(INSTRUCTIONS FOR THE TASK): A word-for-word copy of the data, with no images, is the required answer.

(SUPPLIED MATERIAL):
= = =

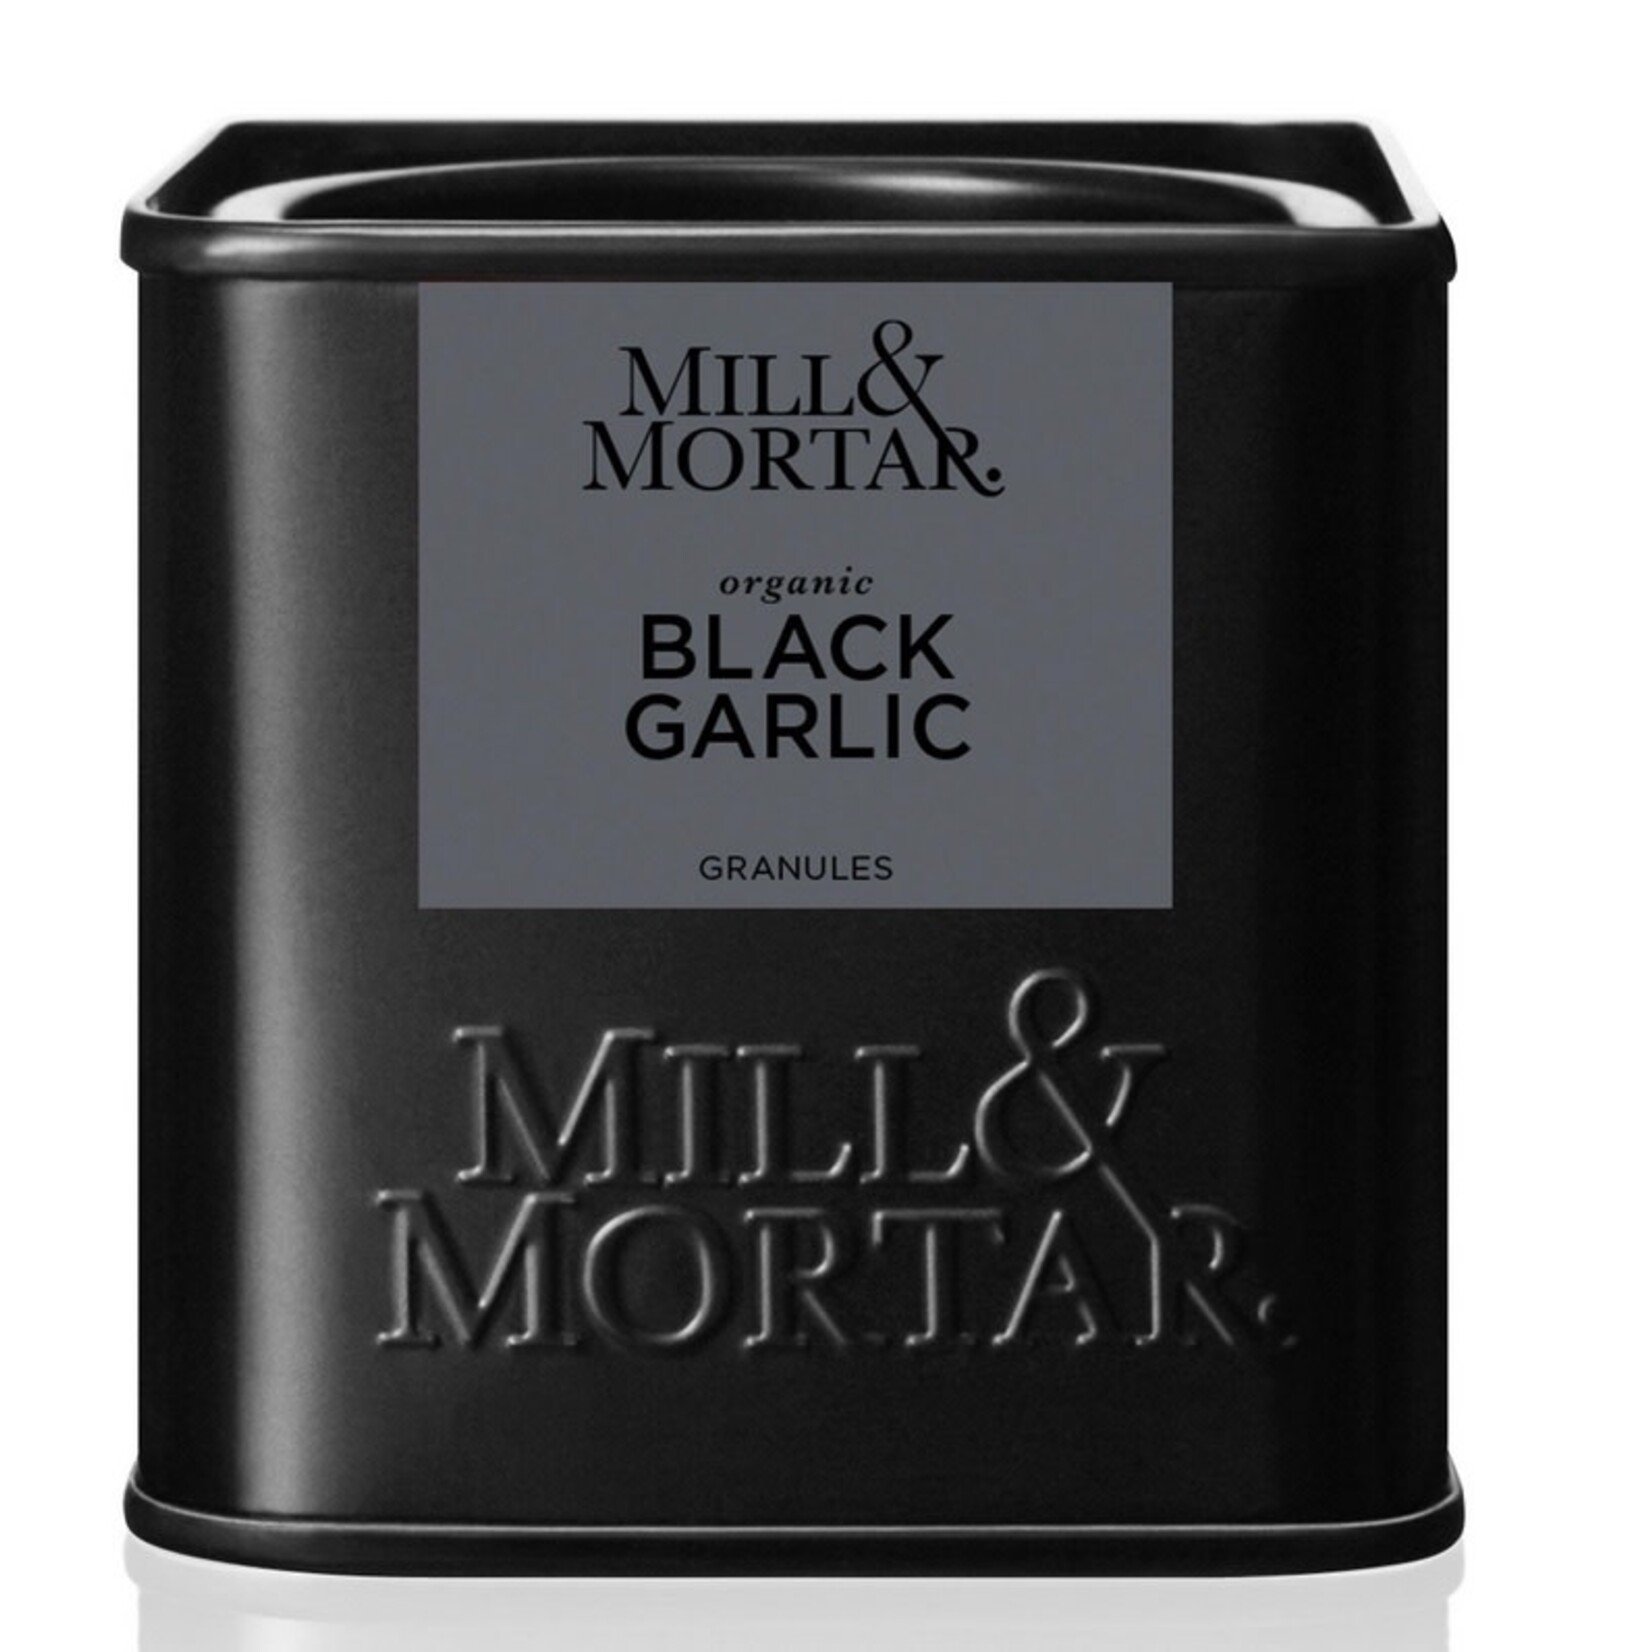 MILL & MORTAR MILL & MORTAR Black Garlic
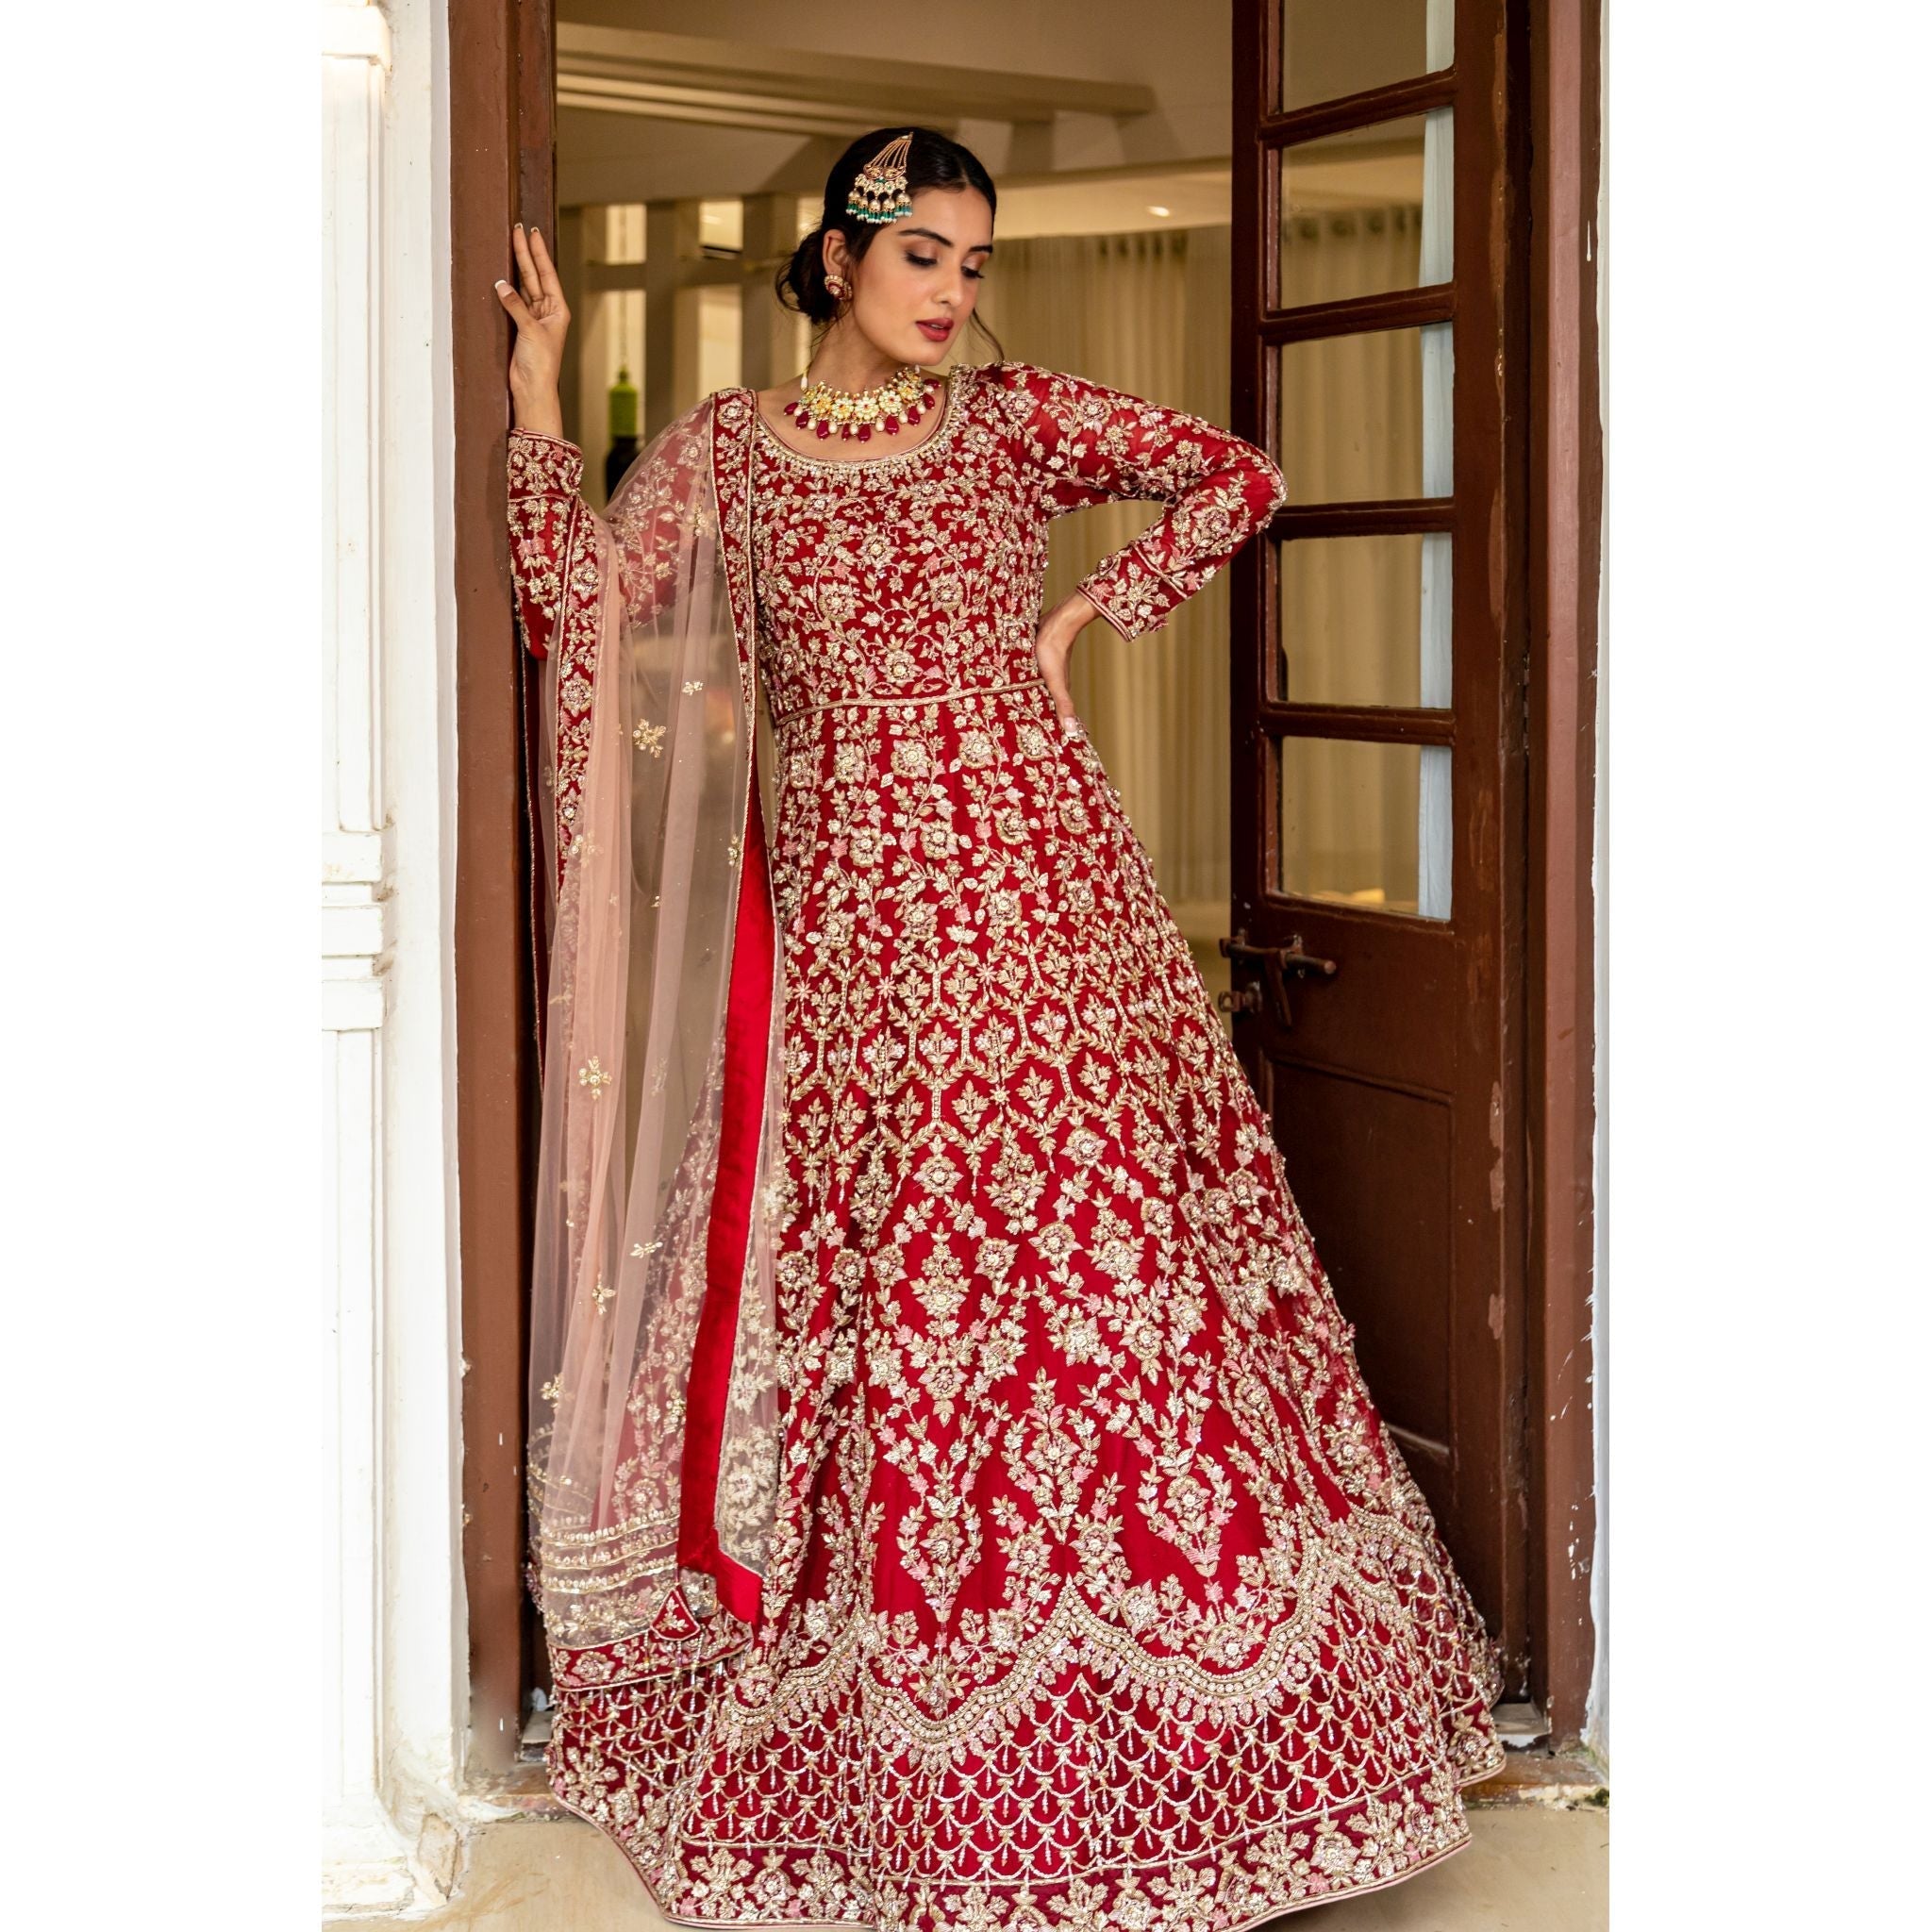 Red And Gold Bridal Anarkali Set - Indian Designer Bridal Wedding Outfit
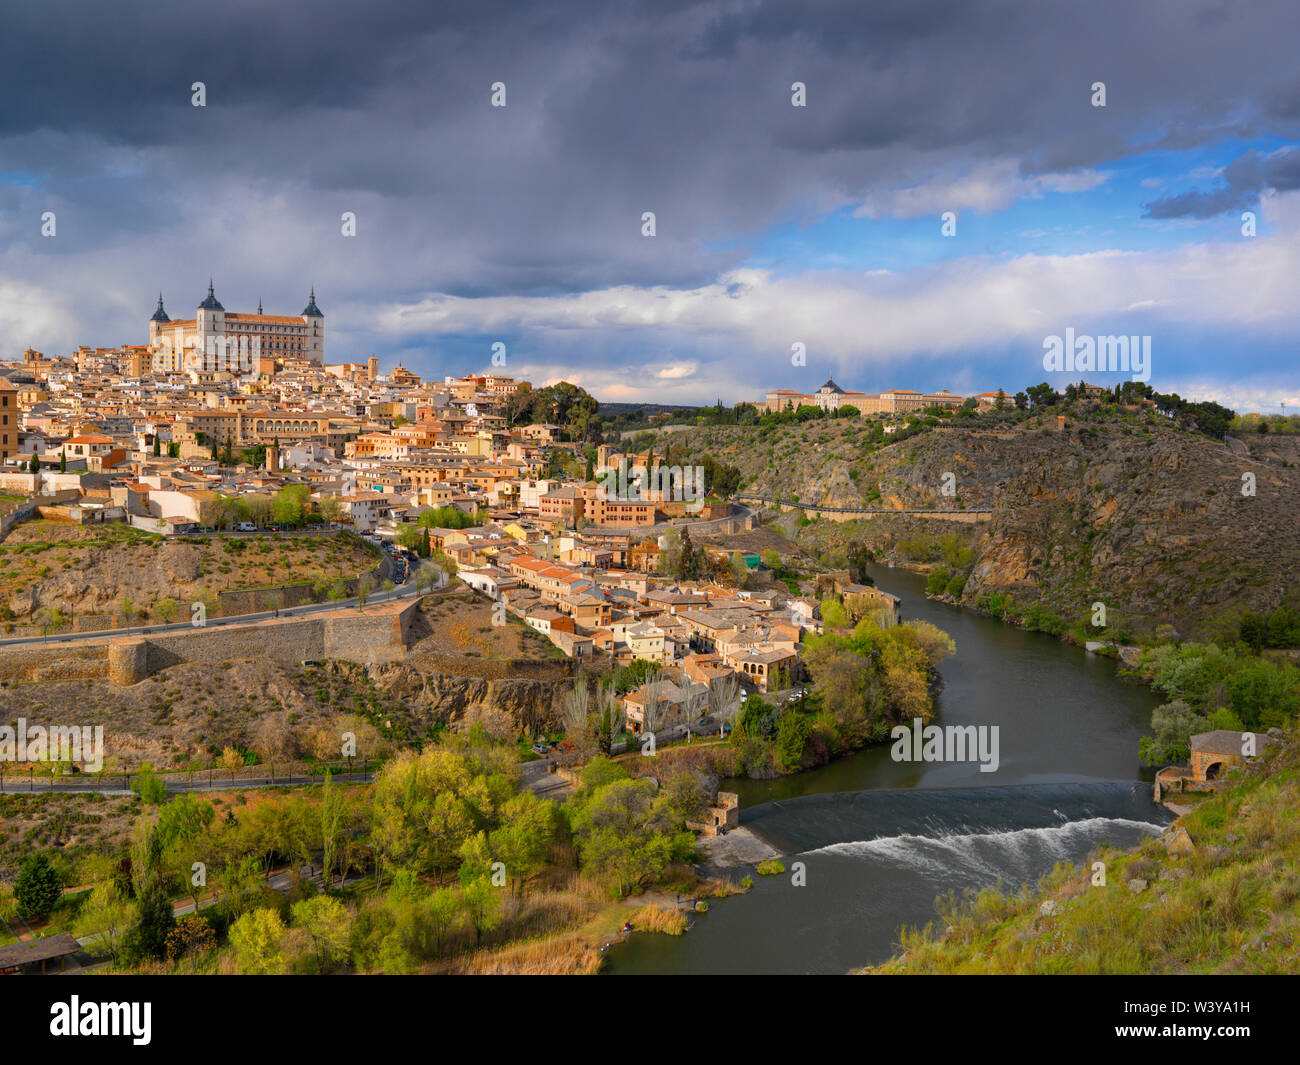 España, Castilla La Mancha, Toledo, Descripción general de la ciudad, declarado Patrimonio de la humanidad por la UNESCO Foto de stock

= = =

(RESPONSE BOX):
 MILL & MORTAR MILL & MORTAR Black Garlic
 Red And Gold Bridal Anarkali Set - Indian Designer Bridal Wedding Outfit
 España, Castilla La Mancha, Toledo, Descripción general de la ciudad, declarado Patrimonio de la humanidad por la UNESCO Foto de stock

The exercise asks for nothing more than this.